Les dernières journées sur l'île volcanique allaient étrangement se passer, comme si la fin s'imposait à nos journées.
Tout d'abord, il était prévu que nous irions visiter le dernier des trois cirques, celui de Cilaos, mais voilà que Migounet développa une tendinite qui fit renoncer Coco et lui à venir. Pour ma part, je voulais encore aller marcher, mais voilà que la voiture retomba en panne ! Céline et moi, nous acharnèrent sur le moteur et nous pestions flegmatiquement contre ce sort technologique. Céline et les voitures, ça fait deux. Après négociations, j'ai quand même pu me rendre au lieu où la collègue de marche m'attendait afin de prendre le bus pour Cilaos, même s'il était déjà tard dans la matinée. La route fut belle et on a pu visiter la ville et la forêt alentour avant le soir. En bas, Coco promena Mig, qui voulait se faire chouchouter évidemment, de la côte à un cap, la journée s'écoulant au rythme des cocktails et des vagues. Il est intéressant de noter, que ce jour-là on ne s'est pas vu du tout !
Le soir venu chacun vaqua à ses occupations légitimes ou non. En bas, les heures passaient agréables et insouciantes, entrecoupées de grandes discussions sur la vie, le destin, les chats et le reste. En haut, c'était restau et télé ("l'amour est dans le prés"), sauf qu'à l'apéro on avait mangé des gâteaux confectionnés par la marcheuse avec... de drôles de produits, dira-t-on. La soirée fut donc, du point de vue de la logique pure, tout à fait illogique. Mais en tout bien, tout honneur (au grand dam des gens d'en bas).

En bas

 En haut

En bas

Michel Jourze à la plage

En bas, toujours, mais en regardant vers le haut

En haut, en noir et blanc

En bas

En haut

En bas, un homme seul face
à son destin de beau gosse

En haut, ombre et lumière

En bas

Partout, la bière dodo

En bas et en haut

Bidouchat !


Coralie :
Charmante et agréable demoiselle de son état, cette grande épicurienne a déjà vécut plusieurs vie en une seule ! Aujourd'hui, c'est sur l'île qu'elle a fini par poser ses valises pour se lancer dans l'honorable, mais dure, vocation d'éleveuse d'enfants. (Pas les siens, je vous rassure.) Curieuse et critique, "Coco", comme l'appellent ses proches, ne vise pas l'idéal héroïque mais a pour but d'améliorer l'ici-bas.

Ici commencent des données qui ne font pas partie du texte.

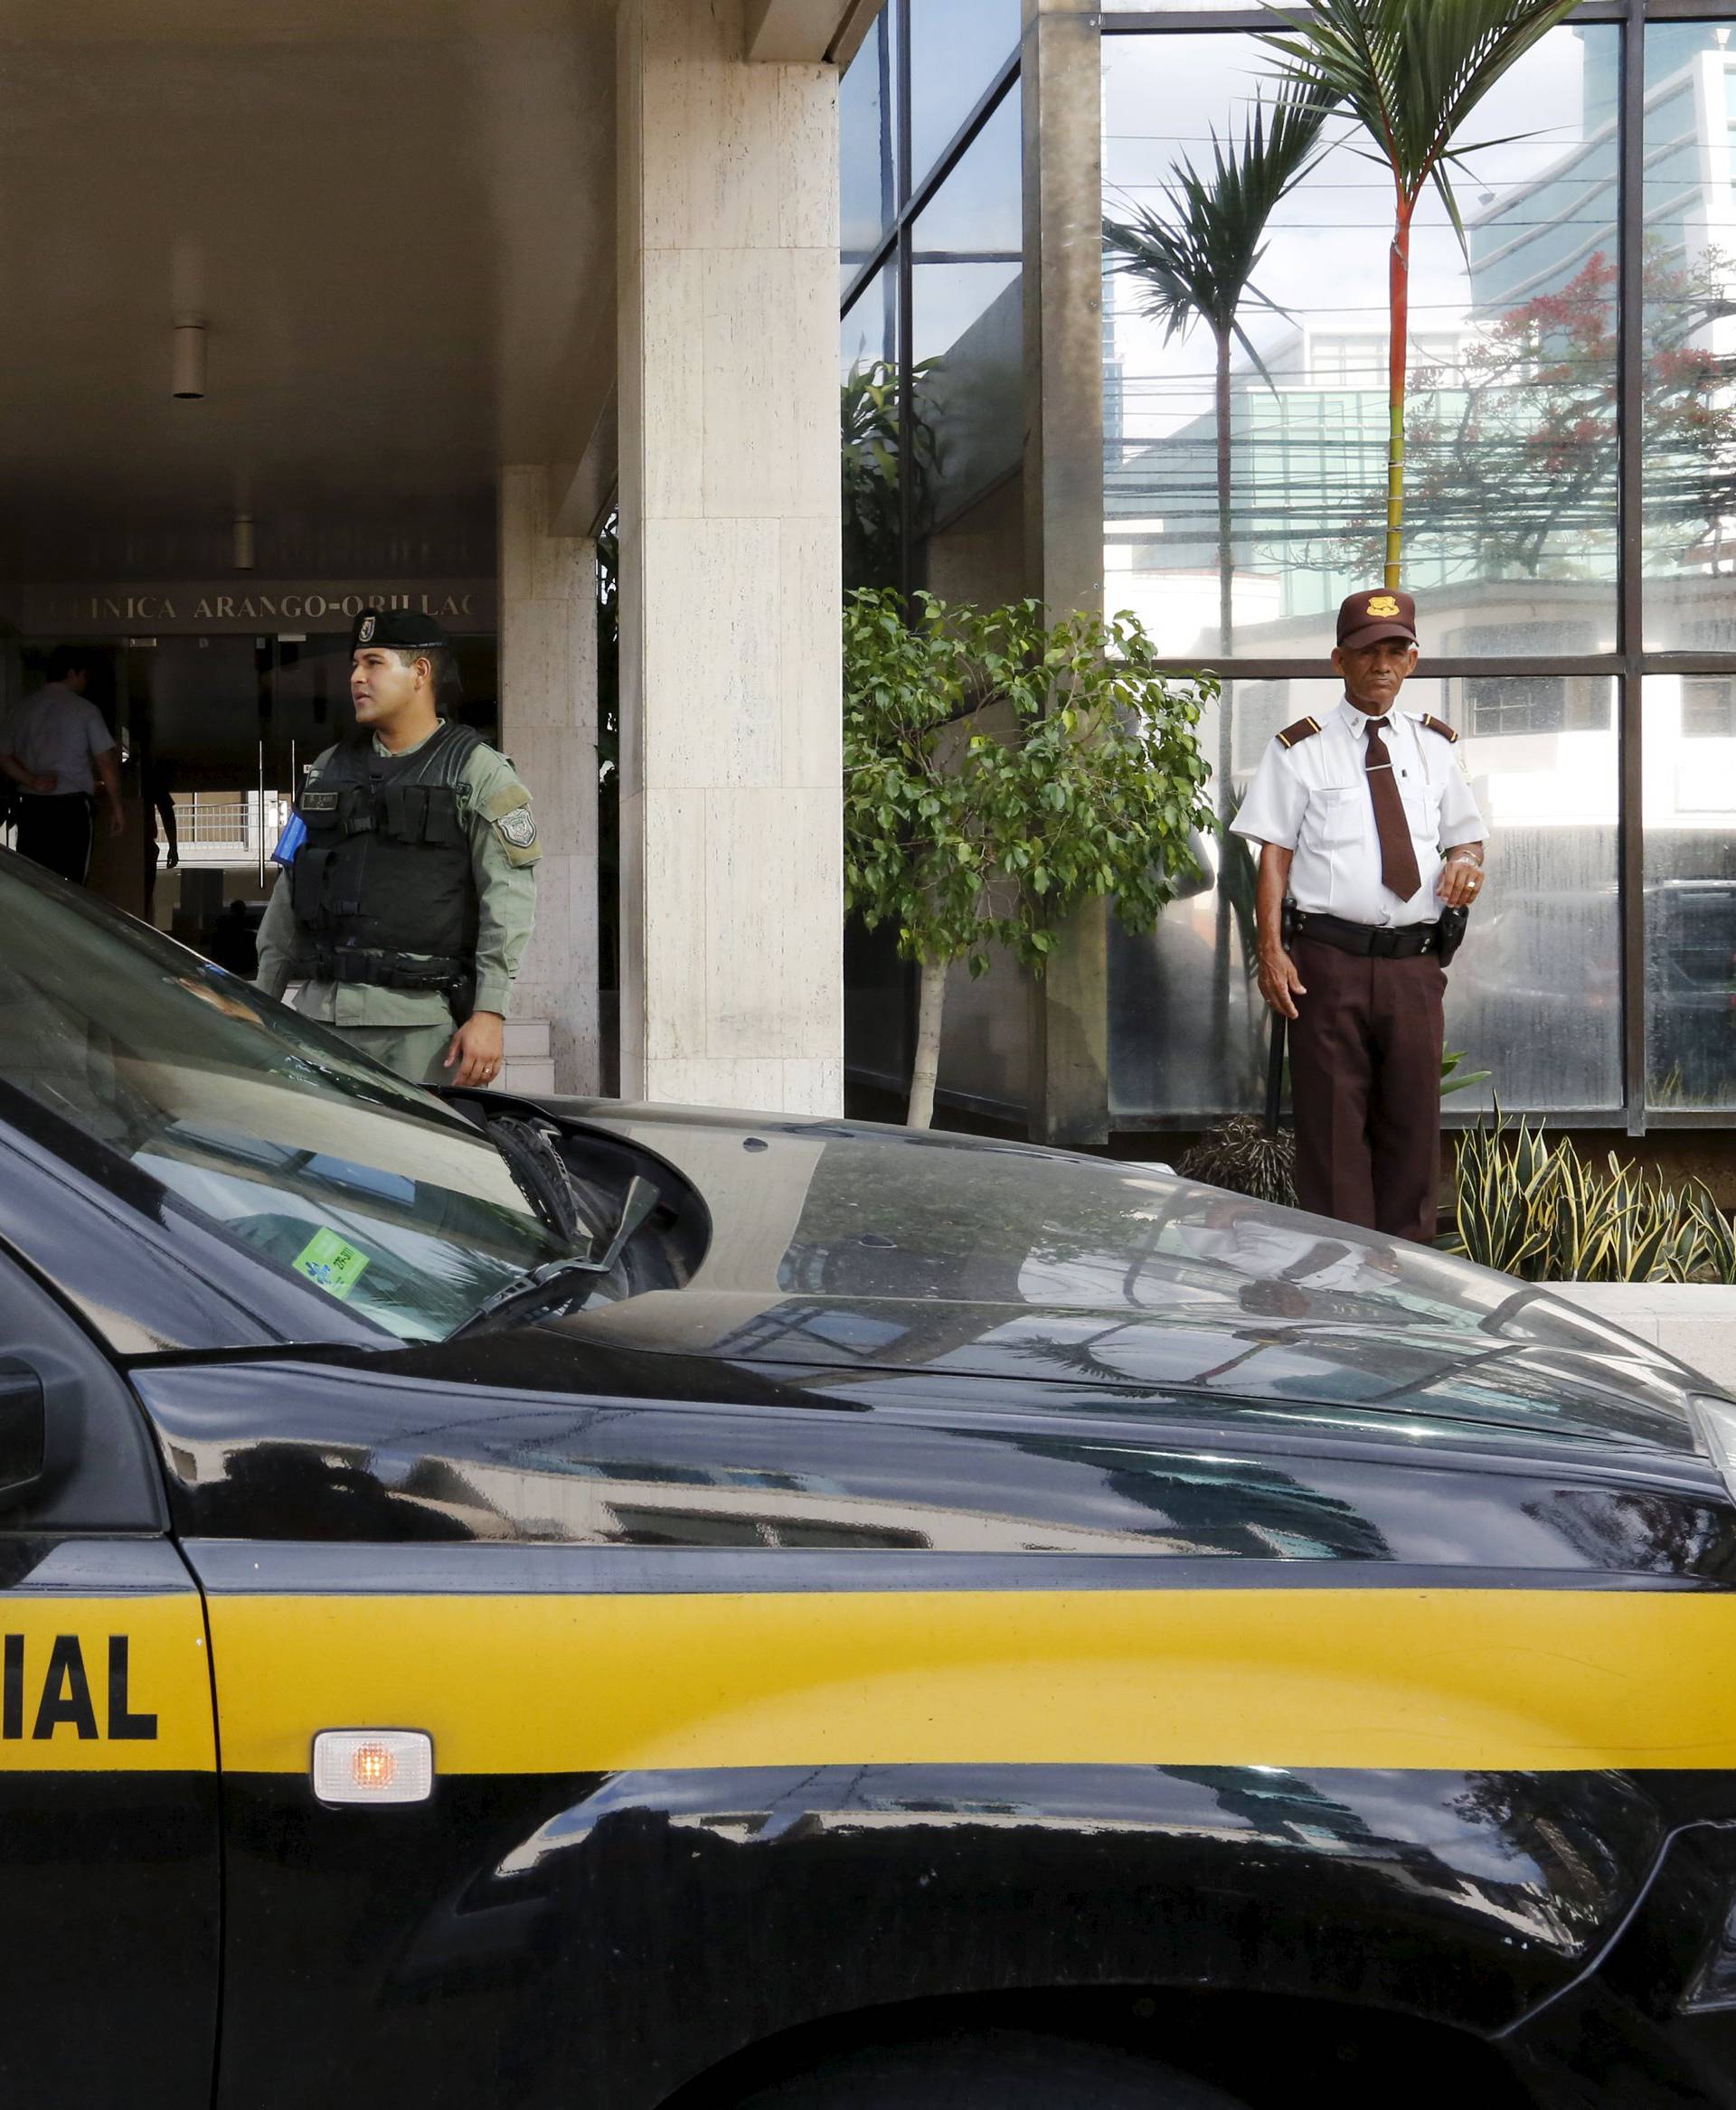 Panamska policija pretresla je urede tvrtke Mossack Fonseca

Tout cela ne l'empêche pas, bien au contraire, de visiter le monde de temps à autre et même d'y rencontrer d'autres Français, mais la suite est connue de tous... Certains la dise bohémienne féministe, d'autres aventurière révoltée, en tout cas ce personnage haut en couleurs est toujours prêt à rendre service ou à râler si nécessaire. Après tout, on a qu'une vie, et même si on ne peut tout avoir, autant profiter de son propre coin de paradis !


**
Jour 132 : Jour sans fin

"C'est le dernier jour avant l'avion ! Aaaaaaaaaaaaaah !"
Ce cri résonna simultanément à deux endroits de l'île, près de la mer et près des pitons. En haut, il fallut se mettre en route pour redescendre vers la côte. On marcha donc de plateau en canyon, on grimpa et on se baigna dans l'eau fraîche. Dernières bouffées d'air frais avant de rejoindre un village, à partir duquel on attrapa une voiture en stop qui nous reconduisit à Saint-Pierre.
En ville, ou plutôt sur la plage venteuse, Coco et Mig attendaient le retour des marcheurs, et après une brève visite de Saint-Pierre, de son marché et ses gousses de vanille, il fallait que nos deux aventuriers quittent la ville pour Saint-Gilles où ils étaient attendus. Coco reconfia Miguel à Tatal (qui le lui avait gentiment prêté), celui-ci étant légèrement blessé, faisant sauter la caution, tandis que la dernière rentrait gentiment chez elle afin de préparer son grand voyage à New-York. Finalement, ces derniers jours sont vites passés, comme souvent les derniers jours... Direction le nord !

Monts et canyons

Grosse chute d'eau et pont en ruine

La baigneuse en rivière

Grosse plante et petite marcheuse

Jour de vent et de vagues

Le temple tamoul...

... et ses détails toujours colorés

La mosquée

Photo paparazzi du couple en vogue : 
"Et là, je lui ai mis le nez dans mes poils au requin, tu vois.
- Tu es si fort avec tes poils..."

La vraie gousse de vanille réunionnaise, à 2 € l'unité !

"Je suis venu te dire, que je m'en vais..."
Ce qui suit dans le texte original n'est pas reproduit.